The GHC Commentary - Sugar Free: From Haskell To Core

Up until after type checking, GHC keeps the source program in an abstract representation of Haskell source without removing any of the syntactic sugar (such as, list comprehensions) that could easily be represented by more primitive Haskell. This complicates part of the front-end considerably as the abstract syntax of Haskell (as exported by the module HsSyn) is much more complex than a simplified representation close to, say, the Haskell Kernel would be. However, having a representation that is as close as possible to the surface syntax simplifies the generation of clear error messages. As GHC (quite in contrast to "conventional" compilers) prints code fragments as part of error messages, the choice of representation is especially important.

Nonetheless, as soon as the input has passed all static checks, it is transformed into GHC's principal intermediate language that goes by the name of Core and whose representation is exported by the module CoreSyn. All following compiler phases, except code generation operate on Core. Due to Andrew Tolmach's effort, there is also an external representation for Core.

The conversion of the compiled module from HsSyn into that of CoreSyn is performed by a phase called the desugarer, which is located in fptools/ghc/compiler/deSugar/. It's operation is detailed in the following.

Auxilliary Functions

The modules DsMonad defines the desugarer monad (of type DsM) which maintains the environment needed for desugaring. In particular, it encapsulates a unique supply for generating new variables, a map to lookup standard names (such as functions from the prelude), a source location for error messages, and a pool to collect warning messages generated during desugaring. Initialisation of the environment happens in the function Desugar.desugar, which is also the main entry point into the desugarer.

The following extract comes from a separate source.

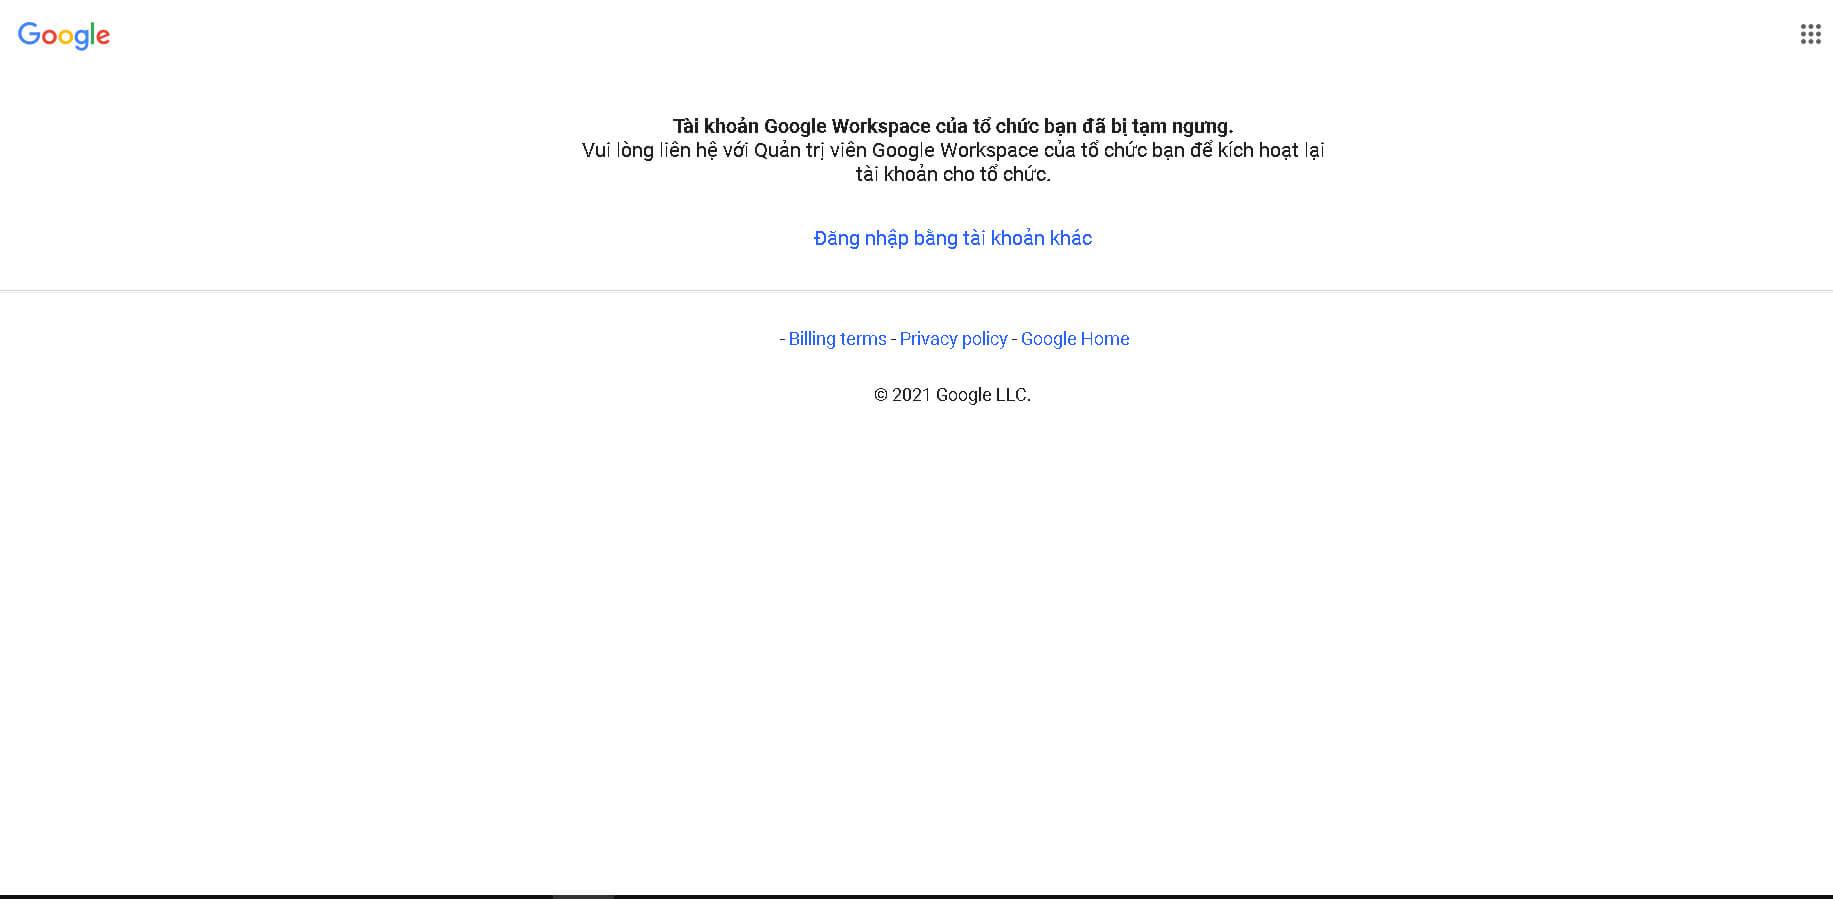 Tài khoản Google Workspace bị khoá

The generation of Core code often involves the use of standard functions for which proper identifiers (i.e., values of type Id that actually refer to the definition in the right Prelude) need to be obtained. This is supported by the function DsMonad.dsLookupGlobalValue :: Name -> DsM Id.

Pattern Matching

Nested pattern matching with guards and everything is translated into the simple, flat case expressions of Core by the following modules:

Match:: This modules contains the main pattern-matching compiler in the form of a function called match. There is some documentation as to how match works contained in the module itself. Generally, the implemented algorithm is similar to the one described in Phil Wadler's Chapter ? of Simon Peyton Jones' The Implementation of Functional Programming Languages. Match exports a couple of functions with not really intuitive names. In particular, it exports match, matchWrapper, matchExport, and matchSimply. The function match, which is the main work horse, is only used by the other matching modules. The function matchExport - despite it's name - is merely used internally in Match and handles warning messages (see below for more details). The actual interface to the outside is matchWrapper, which converts the output of the type checker into the form needed by the pattern matching compiler (i.e., a list of EquationInfo). Similar in function to matchWrapper is matchSimply, which provides an interface for the case where a single expression is to be matched against a single pattern (as, for example, is the case in bindings in a do expression).
MatchCon:: This module generates code for a set of alternative constructor patterns that belong to a single type by means of the routine matchConFamily. More precisely, the routine gets a set of equations where the left-most pattern of each equation is a constructor pattern with a head symbol from the same type as that of all the other equations. A Core case expression is generated that distinguihes between all these constructors. The routine is clever enough to generate a sparse case expression and to add a catch-all default case only when needed (i.e., if the case expression isn't exhaustive already). There is also an explanation at the start of the modules.
MatchLit:: Generates code for a set of alternative literal patterns by means of the routine matchLiterals. The principle is similar to that of matchConFamily, but all left-most patterns are literals of the same type.
DsUtils:: This module provides a set of auxilliary definitions as well as the data types EquationInfo and MatchResult that form the input and output, respectively, of the pattern matching compiler.
Check:: This module does not really contribute the compiling pattern matching, but it inspects sets of equations to find whether there are any overlapping patterns or non-exhaustive pattern sets. This task is implemented by the function check, which returns a list of patterns that are part of a non-exhaustive case distinction as well as a set of equation labels that can be reached during execution of the code; thus, the remaining equations are shadowed due to overlapping patterns. The function check is invoked and its result converted into suitable warning messages by the function Match.matchExport (which is a wrapper for Match.match).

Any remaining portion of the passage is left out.